Brussels, 5 March 2008

Financial assistance to the Western Balkans – Donor cooperation[1]

The EU supports financially the reform process and the overall development of the Western Balkans and Turkey from the Instrument for Pre-Accession Assistance (IPA), from EIB loans, and by means of better coordination with the International Financial Institutions (IFIs), and other donors.

Community support from the Instrument for Pre-accession Assistance (IPA)

As of 2007 EU financial support for the Western Balkans (and Turkey) is provided under the Instrument for Pre-accession Assistance (IPA). It replaces previous pre-accession instruments (Phare, ISPA, SAPARD and the former instruments for Turkey), and CARDS which covered assistance to the Western Balkans.

The average annual allocation for the Western Balkans under IPA for the period 2007-2011 is approximately €800 million[2]. This is by far the highest per capita amount provided by the EC to any region in the world (around €30 annually).

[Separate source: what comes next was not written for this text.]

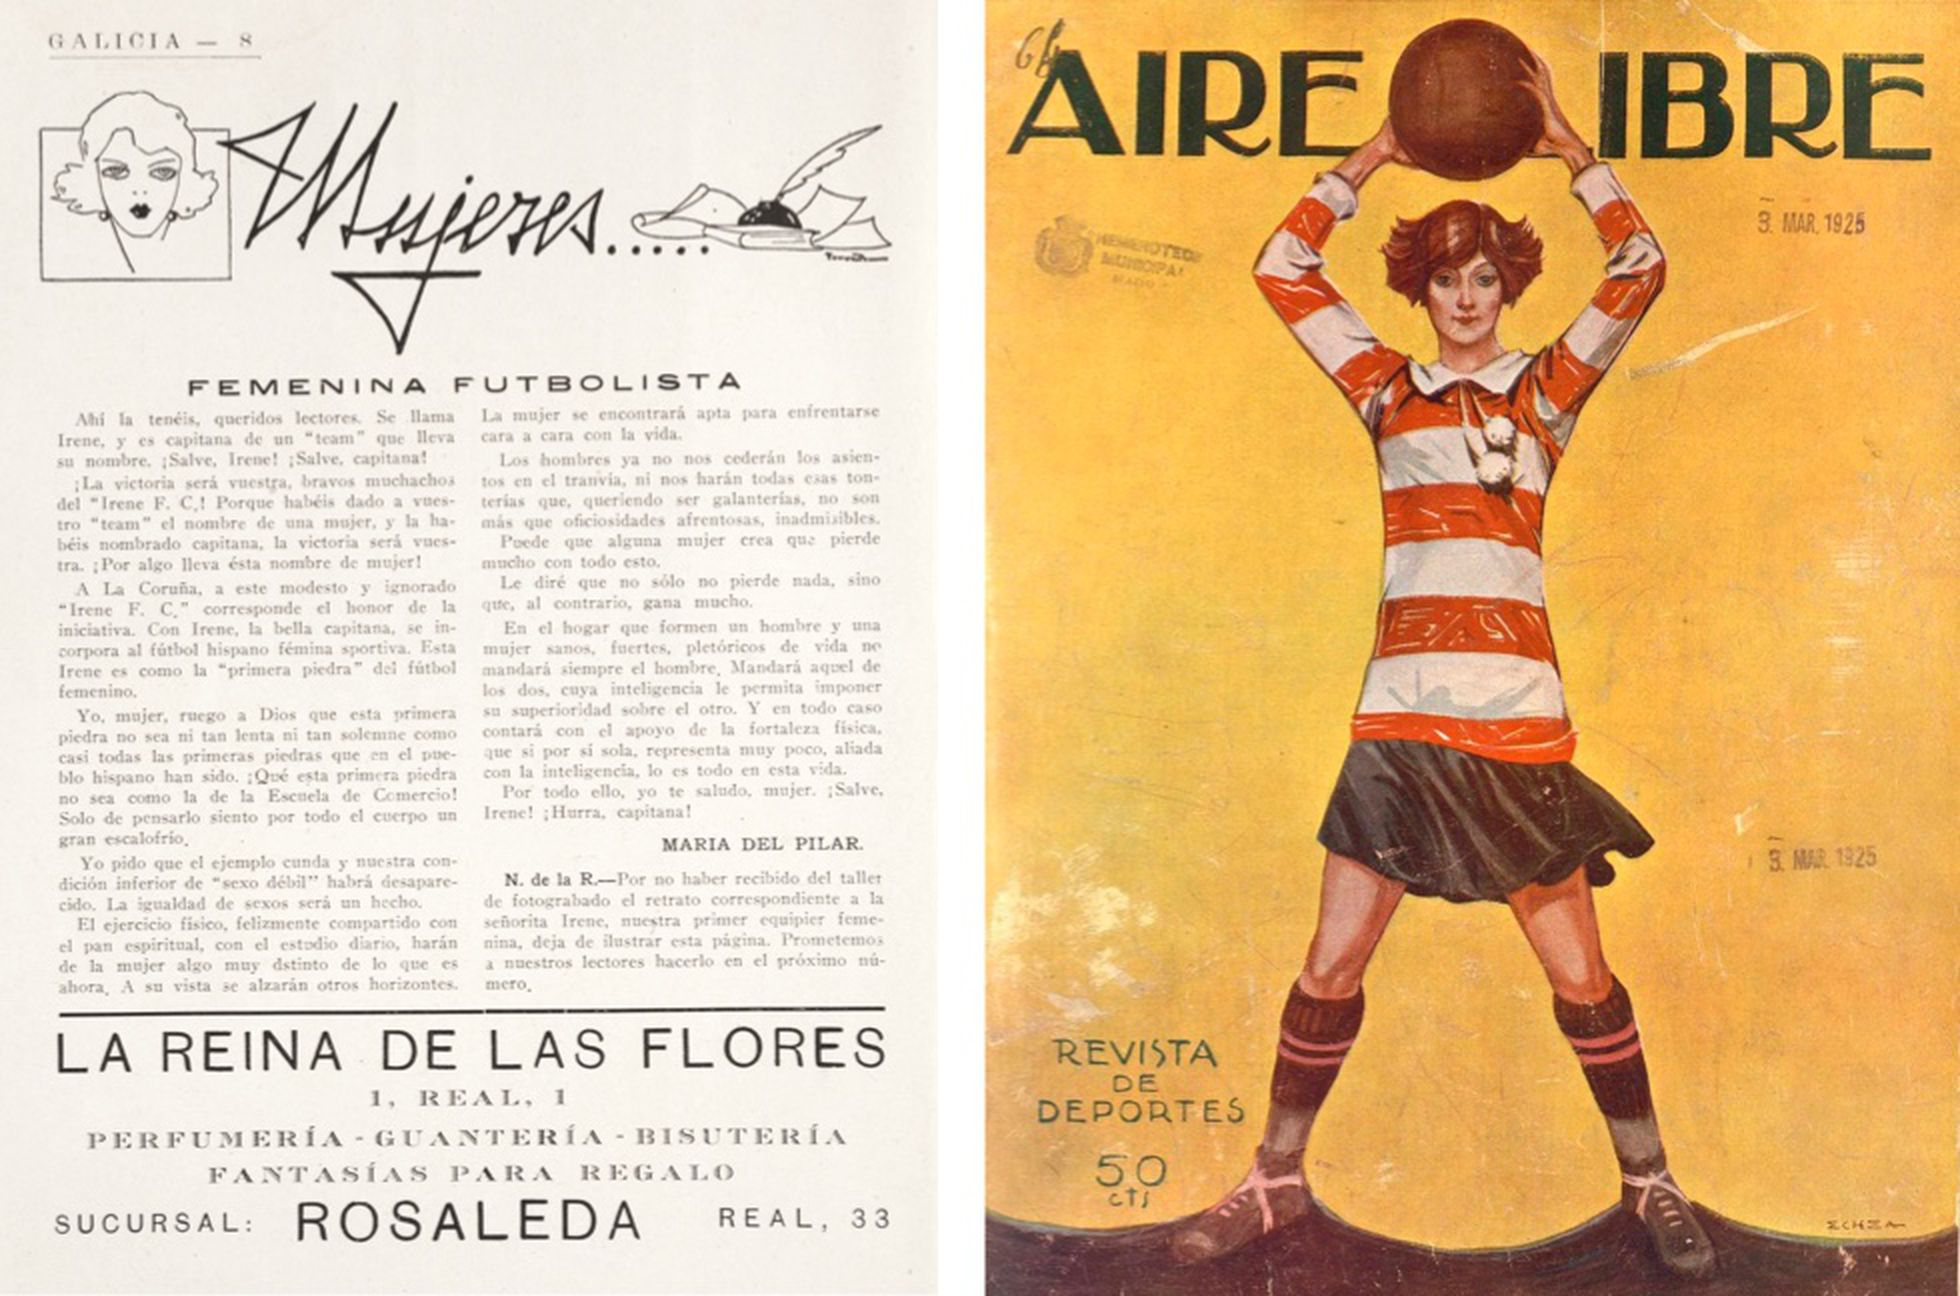 A la izquierda, artículo titulado “Femenina Futbolista” publicado en 'Galicia: revista gráfica y popular' el 2 de febrero de 1925).  A la derecha, portada de la revista 'Aire Libre' del 3 de marzo de 1925.

IPA offers support through its five components:

  • Transition Assistance and Institution Building
  • Cross-Border Cooperation (CBC)
  • Regional Development
  • Human Resources Development
  • Rural Development

The last three components are reserved to candidate countries (currently Croatia, the former Yugoslav Republic of Macedonia and Turkey), as they aim to prepare for the management of structural and cohesion funds and rural development after accession. However, the other Western Balkan countries can benefit from similar measures under the first component.

Current IPA support is focused on the priorities identified in the 2007 Commission enlargement strategy paper: state-building, rule of law, reconciliation, administrative and judicial reform, the fight against corruption and organised crime, as well as strengthening support for economic reforms and civil society development. IPA attaches particular importance to the beneficiary countries' ownership of implementation.

Cross-border cooperation among the beneficiary countries, as well as between them and the neighbouring EU Member States facilitates people-to-people contacts and joint activities by the border regions, and contributes to good neighbourly relations and reconciliation. Support for such cooperation has been increased.

EU Financial Assistance under the Instrument for Pre-Accession Assistance (IPA) for the countries of the Western Balkans

Pre-acc. Assistance envelopes, in Є Million
2007
2008
2009
2010
2011
Total
2007-2011
Croatia
141.2
146.0
151.2
154.2
157.2
749.8
Former Yugoslav Rep. of Macedonia
58.5
70.2
81.8
92.3
98.7
401.5
Albania
61.0
70.7
81.2
93.2
95.0
401.1
Bosnia and Herzegovina
62.1
74.8
89.1
106.0
108.1
440.1
Montenegro
31.4
32.6
33.3
34.0
34.7
166.0
Serbia
189.7
190.9
194.8
198.7
202.7
976.8
Kosovo
68.3
124.7
66.1
67.3
68.7
395.1
Total
612.2
709.9
697.5
745.7
765.1
3530.4

Support from the European Investment Bank (EIB)

The EIB will increase its lending to the Western Balkans from a total of €1.9 billion for 2005-2007, to an estimated €2.8 billion for the period 2008-2010. The EIB lending activities in the Western Balkans focus primarily on projects in the areas of transport, energy, small and medium-sized enterprises, environment, municipal infrastructure, education and health.

Donor coordination

The Commission is redoubling its efforts to coordinate with the international financial institutions and bilateral donors. The aim is to leverage the maximum amount of support possible for the region's main modernisation and development needs, bringing together grants and loans.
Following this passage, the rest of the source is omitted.